The economy takes its toll on foreign workers and students
Mainichi reports that manufacturers are letting go of foreign workers as the economy gets worse:
Sonia Marie de Almeida, 47, a second-generation Japanese-Brazilian, who lost her job at a parts plant of a large automotive manufacturer, left her two children behind to come to Japan.
“I was told that I need not come to work anymore because production has fallen,” she said. “I have to send money to my children. I need to find another job quickly.”
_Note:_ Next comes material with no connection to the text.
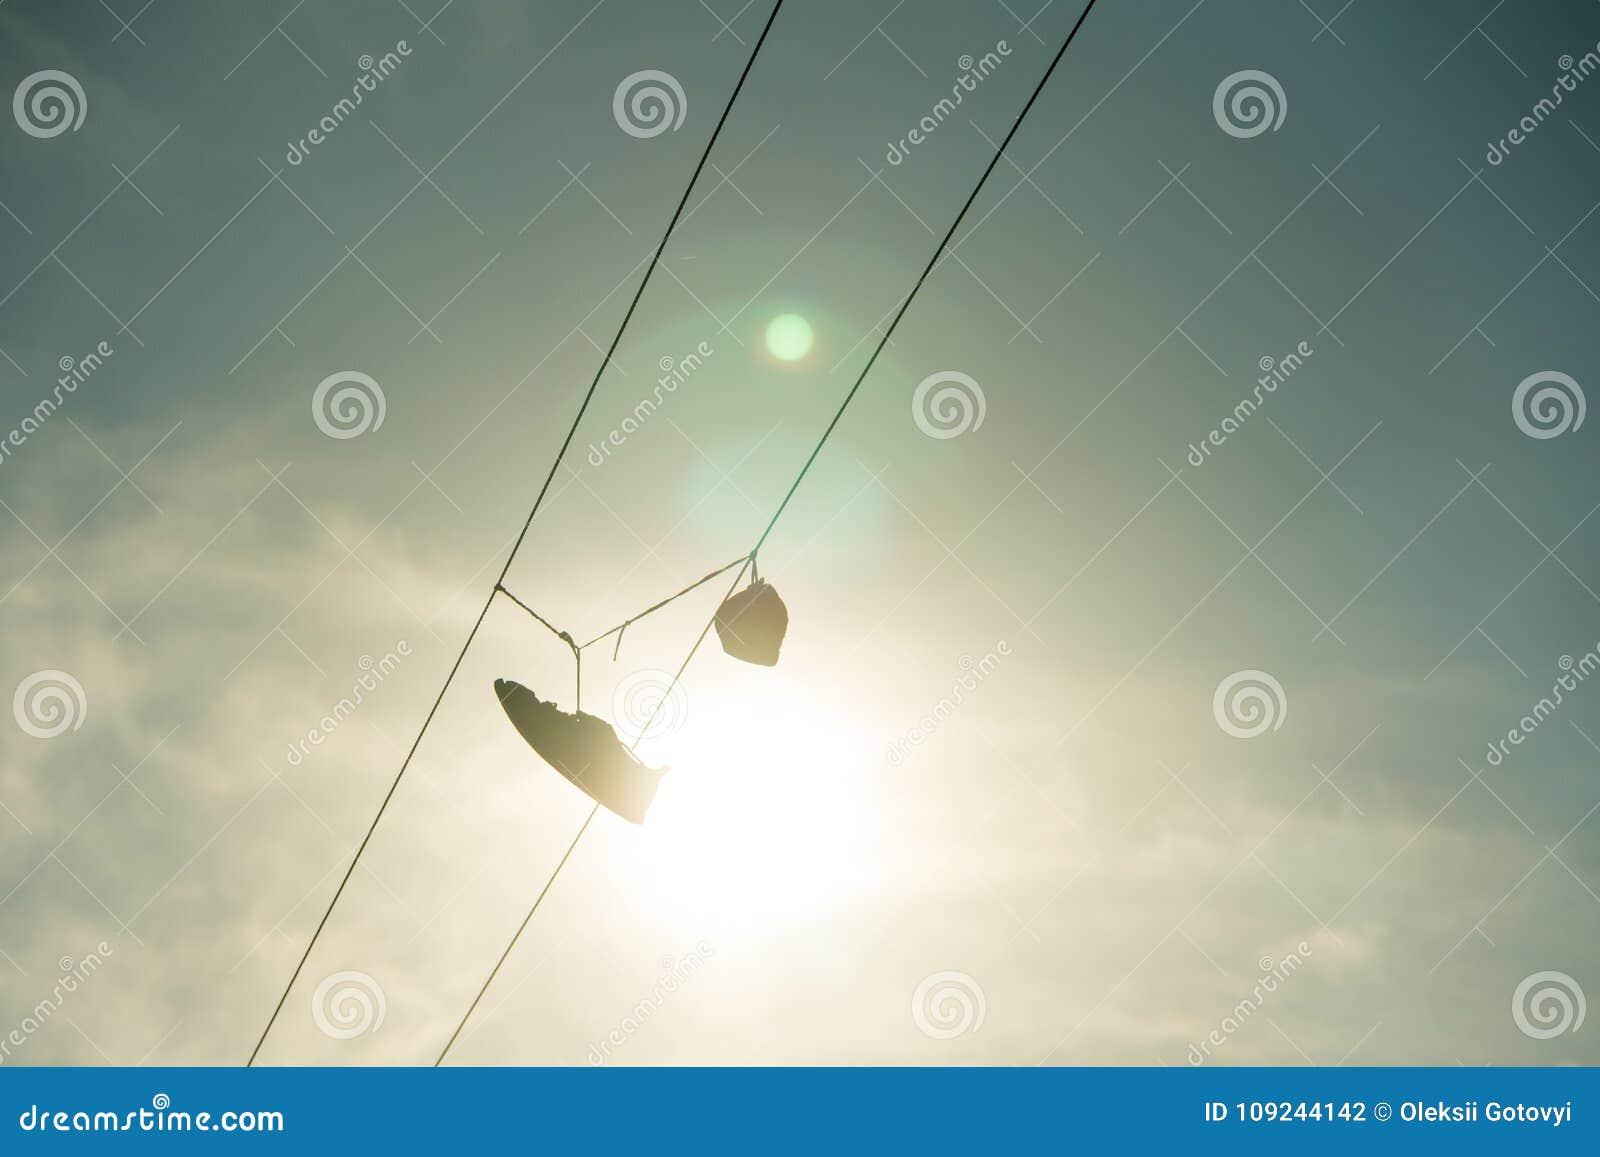 Cable De Las Deporte Zapatillas En La Línea Eléctrica Cuelgan pGSMVqzLU

The number of jobless foreign visitors to Hello Work Hamamatsu has increased markedly this year. The total number of job inquiries by foreigners last fiscal year was 3,307 — a monthly average of 276. This fiscal year, however, that figure has grown to a total of 2,726 in the six months until September — a monthly average of 454 — which is a 1.6-fold increase from the previous year. The number of visitors in September alone was 534.
Meanwhile, Tokyo’s Waseda University is extending tuition payment deadlines for students from countries suffering the worst from the financial crisis:
The major private university in Tokyo said 339 students from South Korea, for instance, have tuition payments in arrears, although the total includes those who had failed to make payments before the financial crisis started biting.
The South Korean won has depreciated particularly sharply against the Japanese yen, which makes yen-denominated payments more difficult for them. The university said it polled around 100 South Korean students and many of them said they have difficulty making ends meet and honoring tuition payments.
Also eligible for the extended deadlines are two students from Iceland, a country reeling from a massive outflow of bank deposits as the banking sector has collapsed.
Bad as the economy may be, it hasn’t lessened the demand for nurses. Kyodo News reports that hundreds of Filipino nurses and caregivers are preparing to come to Japan next year as part of a special program under the new Japan-Philippines Economic Partnership Agreement.